Oleh : Eti Fairuzita
(Menulis Asyik Cilacap)
Wakil Ketua Komisi III DPR RI Ahmad Sahroni mengaku geram dengan pemerkosaan yang dilakuan oleh seorang guru di Bandung bernama Herry Wirawan terhadap belasan orang santrinya. Dari kejadian bejat yang berlangsung sejak 2016 itu, telah lahir 9 anak dan dua orang santri lainnya tengah mengandung.
Sahroni pun mendesak agar pelaku harus dihukum seberat-beratnya dan para korban diberikan konseling yang tentunya sangat dibutuhkan "Ini kejahatan luar biasa yang tidak masuk di akal sehat kita. Pelaku biadab ini harus dihukum seberat-beratnya atas apa yang dia lakukan. Di sisi lain, saya ingin menyoroti tentang pentingnya layanan konseling bagi para korban, mengingat para korban masih di bawah umur. Mereka pasti mengalami trauma yang luar biasa," ujar Sahroni kepada wartawan, Jumat (10/12/2021).
https://nasional.sindonews.com/read/624137/13/guru-perkosa-belasan-santri-di-bandung-dpr-tekankan-pentingnya-konseling-untuk-korban-1639105949
Akhir-akhir ini, kita semua dikejutkan dengan adanya kasus asusila oleh seorang guru yang juga pengurus Pesantren di Kota Bandung. Ia tega memerkosa 12 anak didiknya yang berusia 13—16 tahun hingga mengandung dan melahirkan. Bahkan, korban ada yang melahirkan hingga dua kali. (kompas.com, 8/12/2021).
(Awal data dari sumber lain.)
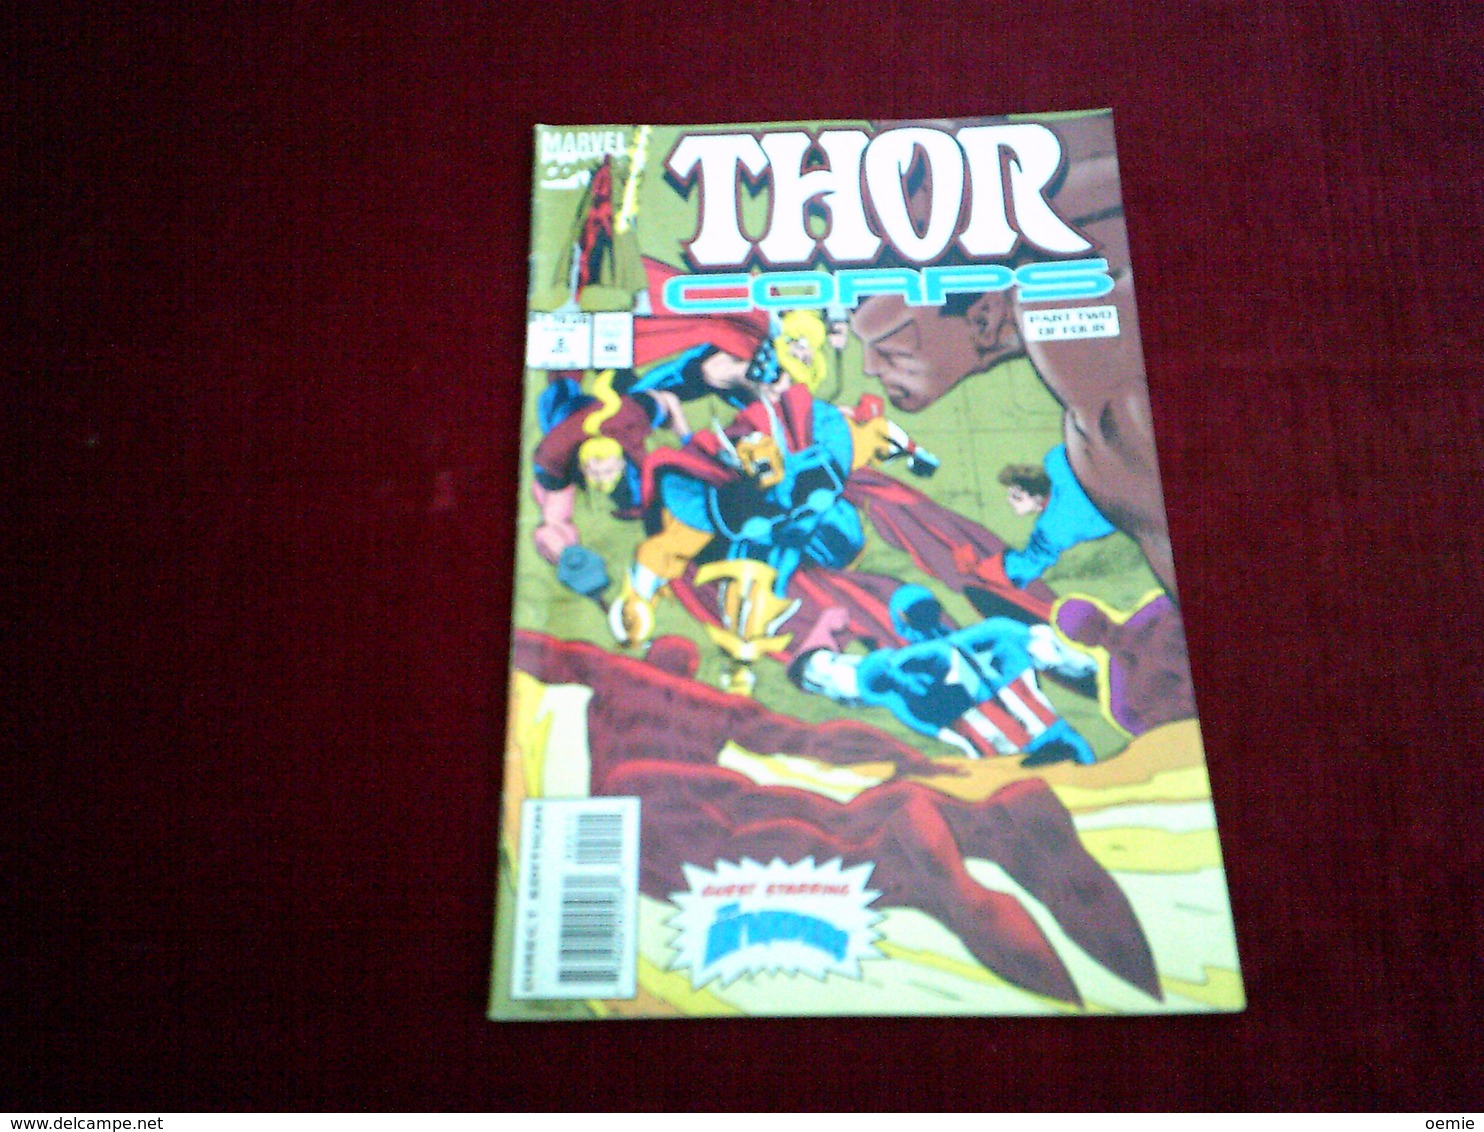 THOR N° 2 CORP - Thor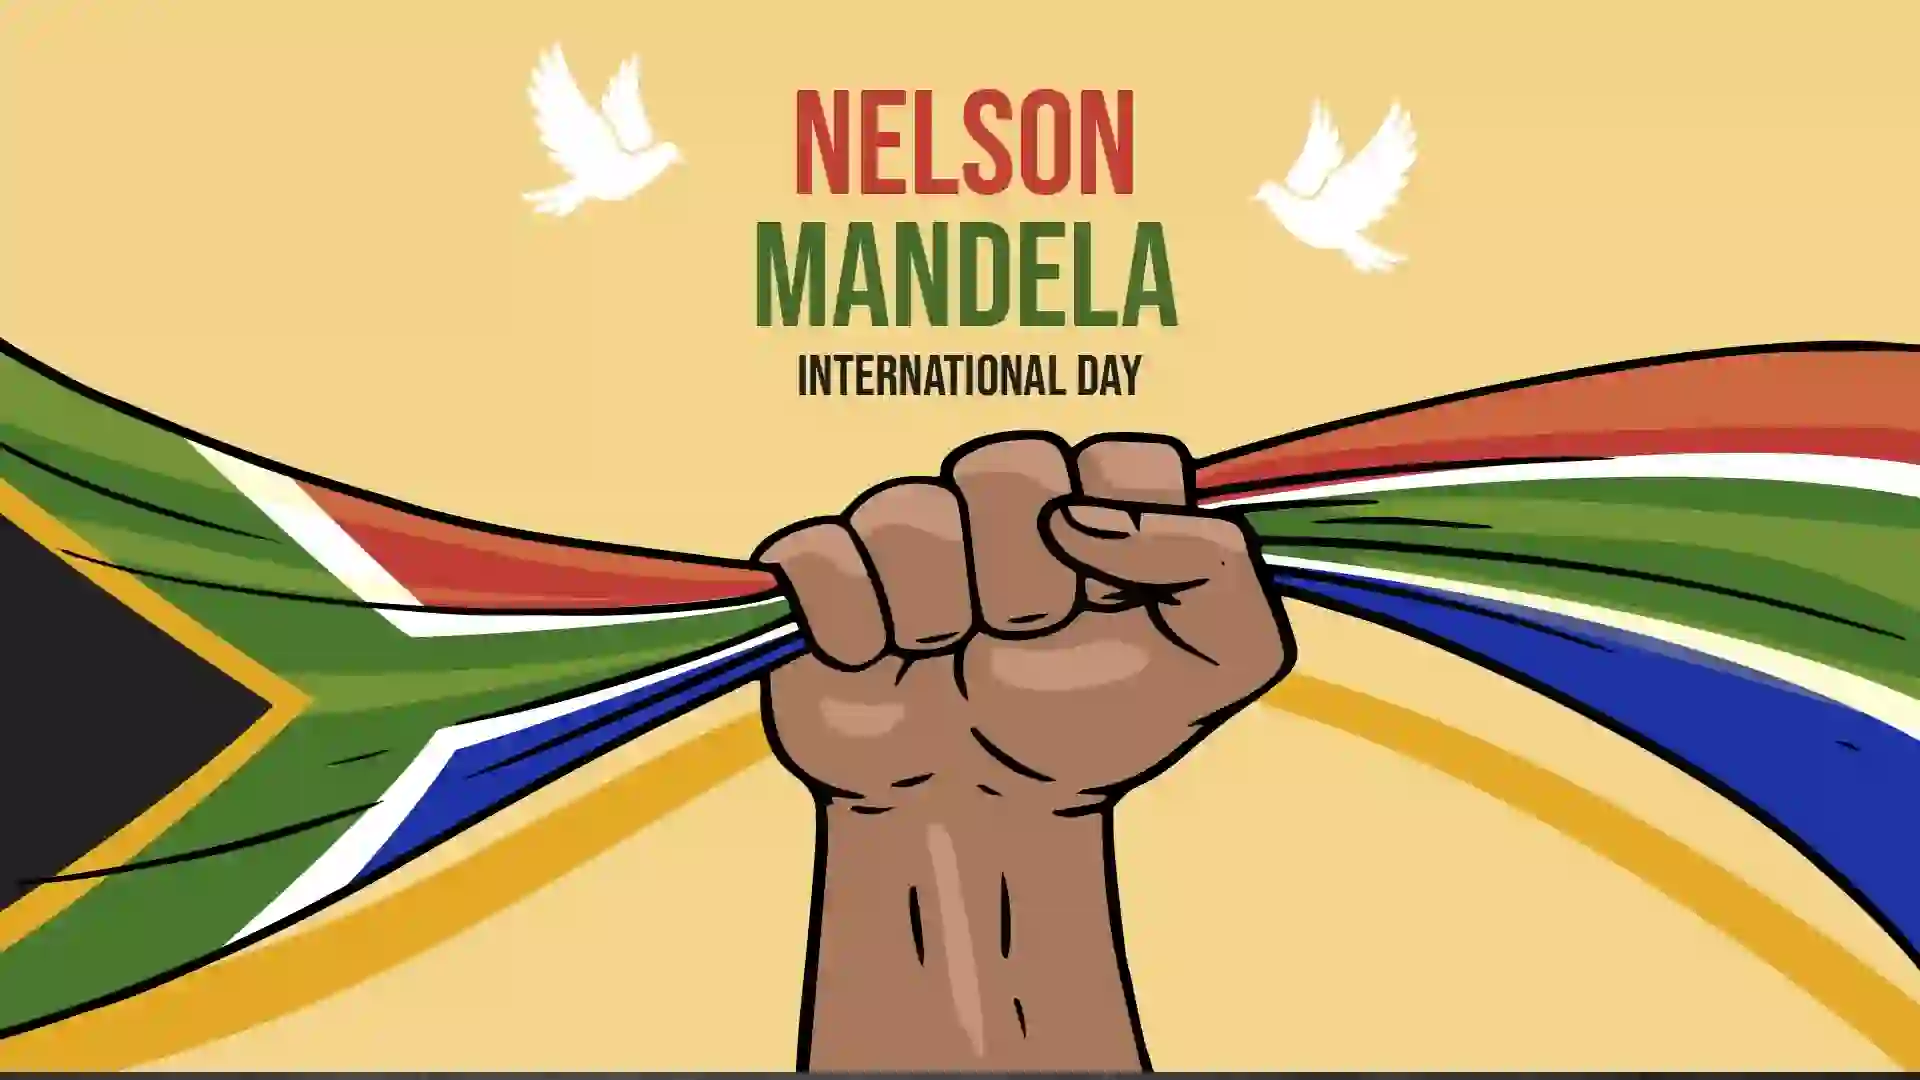 Nelson Mandela International Day This Post Design By The Revolution Deshbhakt Hindustani

Berdasarkan Sistem Informasi Online Perlindungan Perempuan dan Anak (Simfoni PPA), pada 1 Januari hingga 9 Desember 2021, terdapat 7.693 kasus kekerasan terhadap perempuan. Sebanyak 73,7% merupakan kasus kekerasan dalam rumah tangga (KDRT). Ada 10.832 kasus kekerasan terhadap anak yang didominasi oleh kasus kekerasan seksual, yaitu sebanyak 59,7%.
Direktur LBH APIK Jakarta Siti Mazuma mengungkapkan, berdasarkan catatan akhir tahun (Catahu) LBH Apik Jakarta, sepanjang 2021 terdapat 1.321 aduan kasus yang masuk. Ini meningkat drastis daripada 2020 (1.178 kasus).
“Dari total pengaduan yang masuk, kekerasan berbasis gender online (KBGO) menjadi kasus yang paling banyak dilaporkan, yakni 489 kasus. Disusul kasus kekerasan dalam rumah tangga 374 kasus, tindak pidana umum 81 kasus, kekerasan dalam pacaran 73 kasus, dan kekerasan seksual dewasa 66 kasus,” ungkap Zuma. (kompas.com, 11/12/2021).
Negeri ini memang sudah sangat darurat kekerasan terhadap perempuan dan anak. Wajar saja jika banyak pihak berusaha menyelesaikan permasalahan ini secara cepat. Beberapa pihak mengusulkan hukuman seberat-beratnya bagi pelaku, termasuk kebiri agar sipelaku jera. Sedangkan yang lain berusaha keras mendorong pengesahan segera Rancangan Undang-Undang tentang Tindak Pidana Kekerasan Seksual (RUU TP-KS).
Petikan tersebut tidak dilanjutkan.